Это был рыжеголовый худощавый мужчина с небольшим красноватым шрамом на подбородке и с чугунным перстнем на безымянном пальце правой руки. Брови у него были совсем бесцветные, будто их и не было, а глаза — круглые, сердитые, как у петуха.
Все это придавало ему свирепый, грозный вид, и мне он напоминал горца из кинофильма «Таинственный мститель, или Гробница богдыхана» в пяти сериях; этот фильм мы с Колькой смотрели в городском кино, проникая в зал через запасной выход.
Кстати, кинотеатр, судя по вывеске, назывался «Лучь», и из-за этого Колька однажды сделал ошибку в диктовке и получил «неуд». Правда, и в других словах у него были ошибки, ибо фраза диктанта в написании моего друга выглядела примерно так: «Радосный залатой лучь сонца озорил далину». Но Колька во всем винил именно вывеску кино, которая сбила его с толку, и грозился запустить в нее камнем.

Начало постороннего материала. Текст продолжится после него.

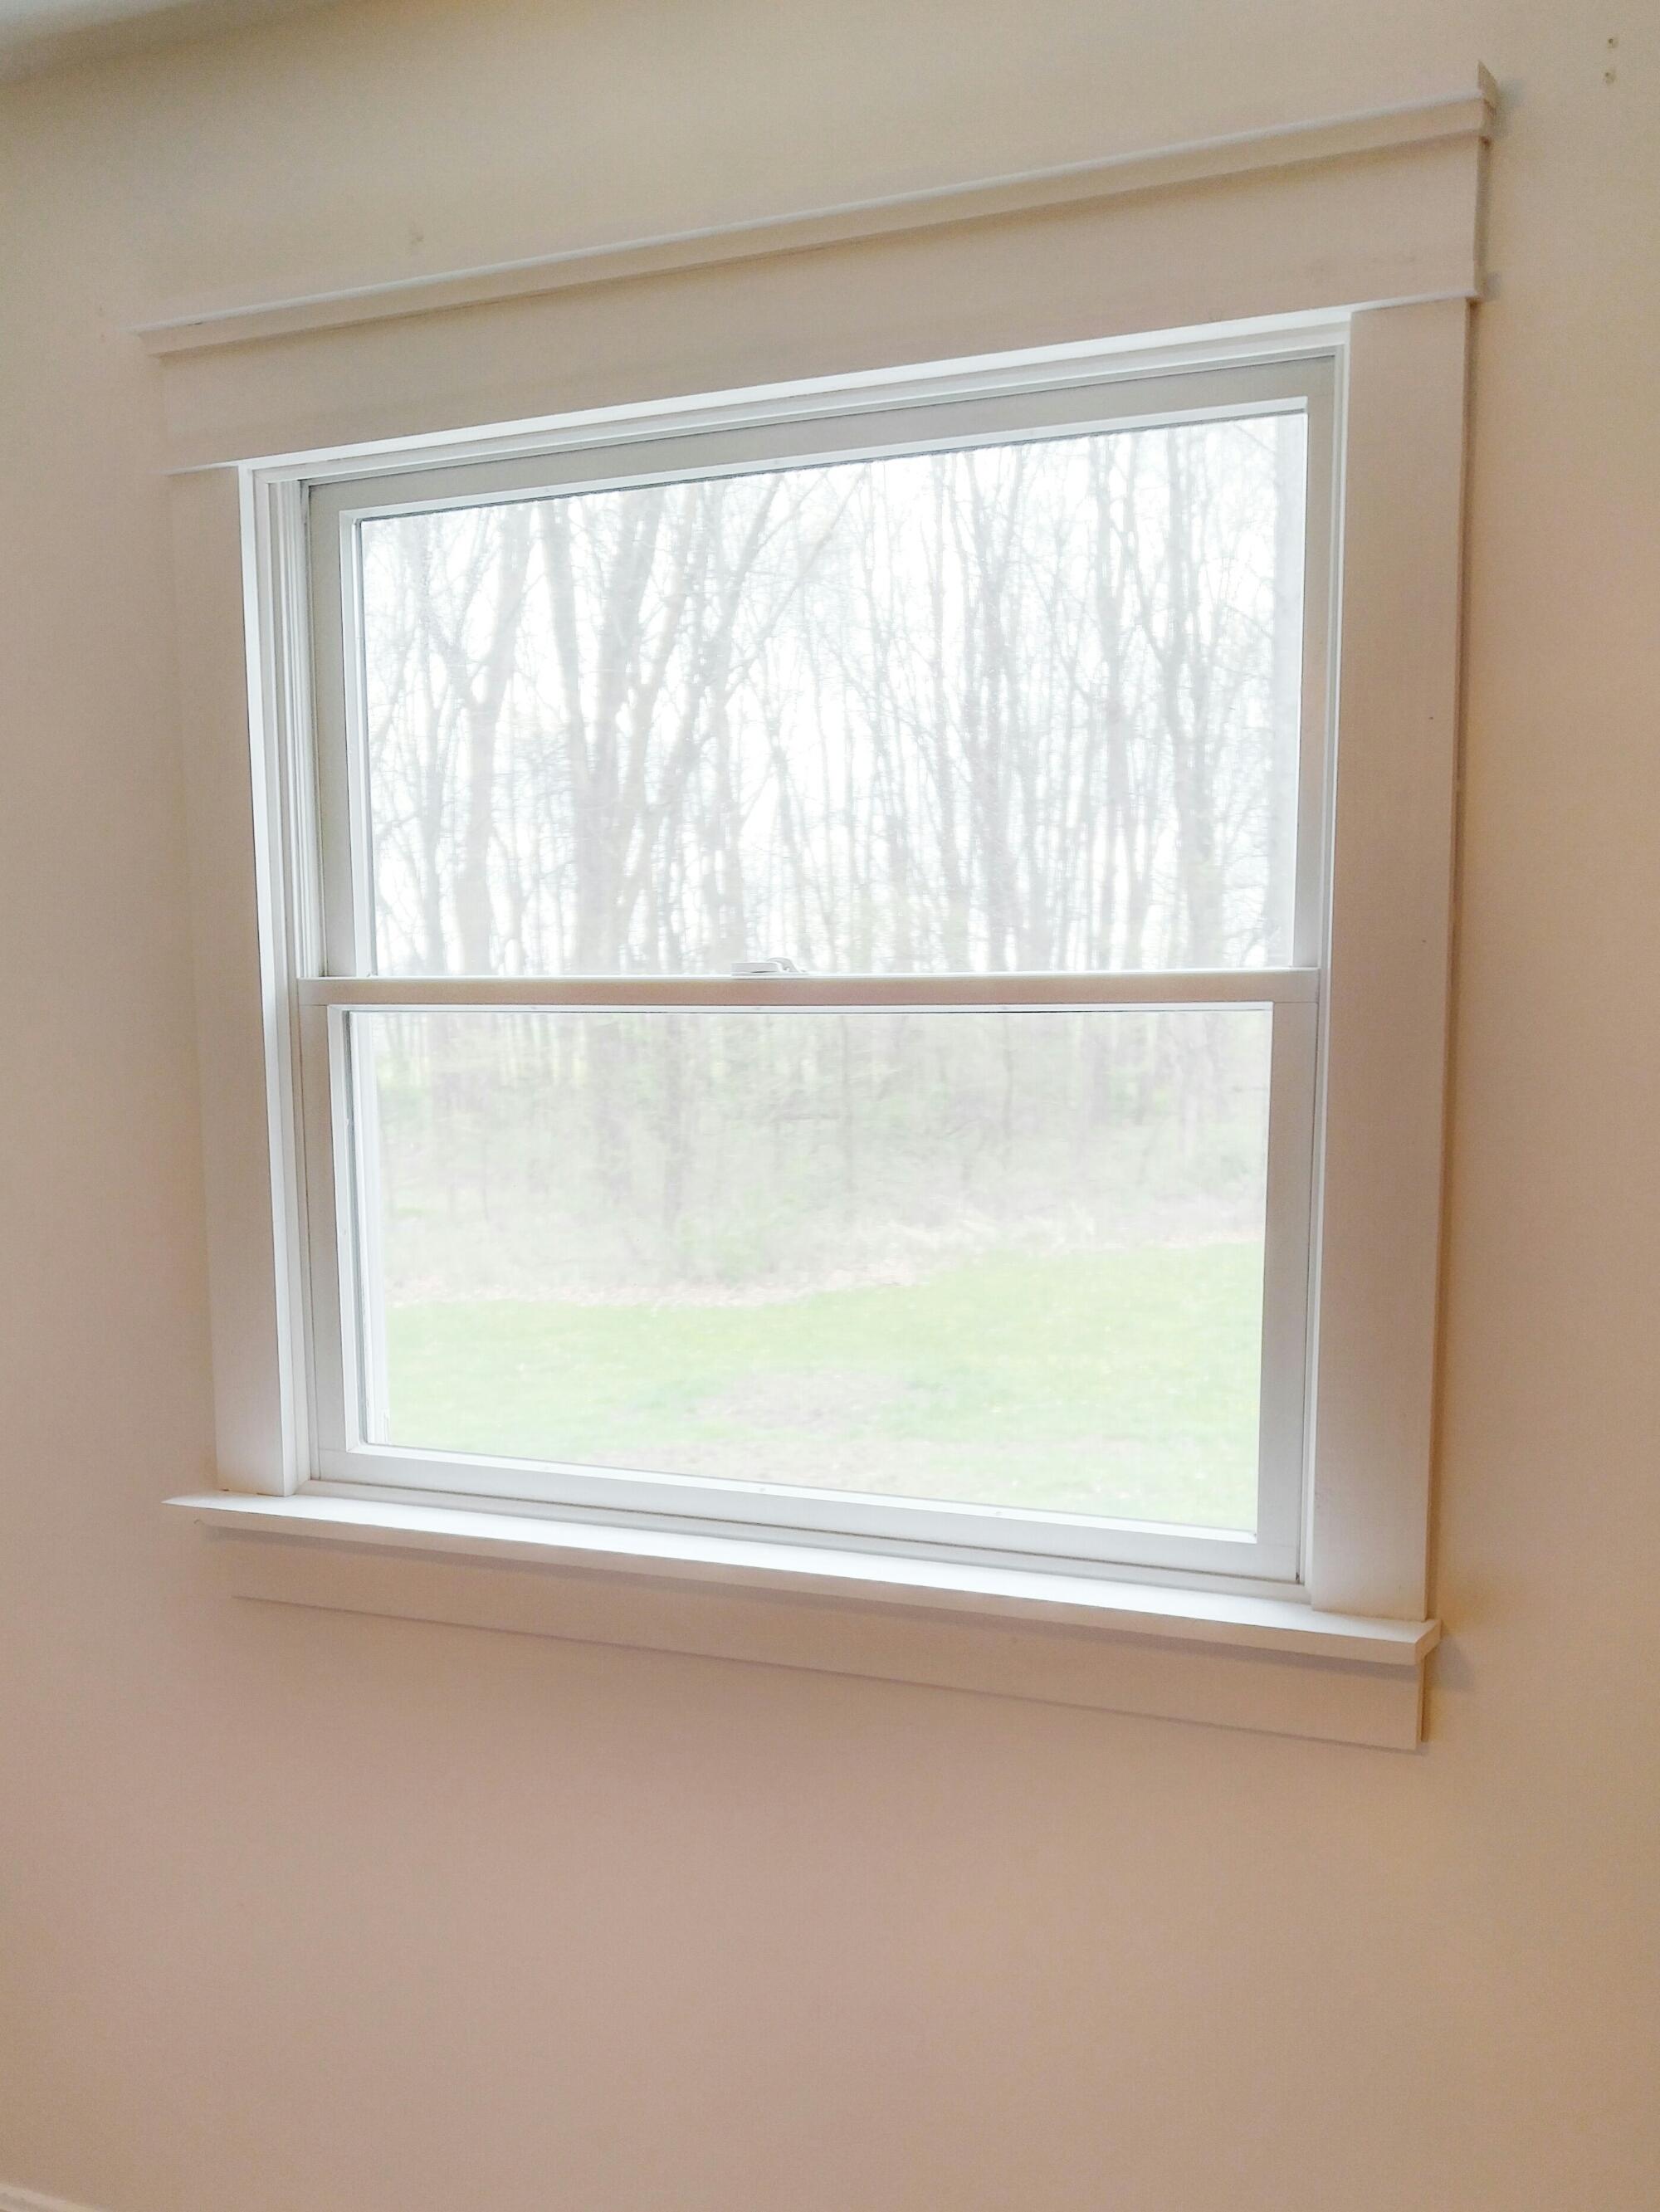 Diy interior window trim - Image Diy Farmhouse Window Trim

Возвращаясь к ветеринарному фельдшеру Булкину, скажу, что внешность его не соответствовала характеру, его уж никак нельзя было назвать злым человеком. Первым делом он рассказал мне быль о том, как один шпион на границе, прикинувшись глухим от роду, был разгадан потому, что, проверяя, идут ли его ручные часы, машинально поднес их к уху.
— А вы это сами видели? — робко спросил я у Булкина.
— Нет, это мой приятель видел, — ответил он и рассмеялся.
Но, смеясь, он, видно, пошевелил больной ногой, потому что застонал.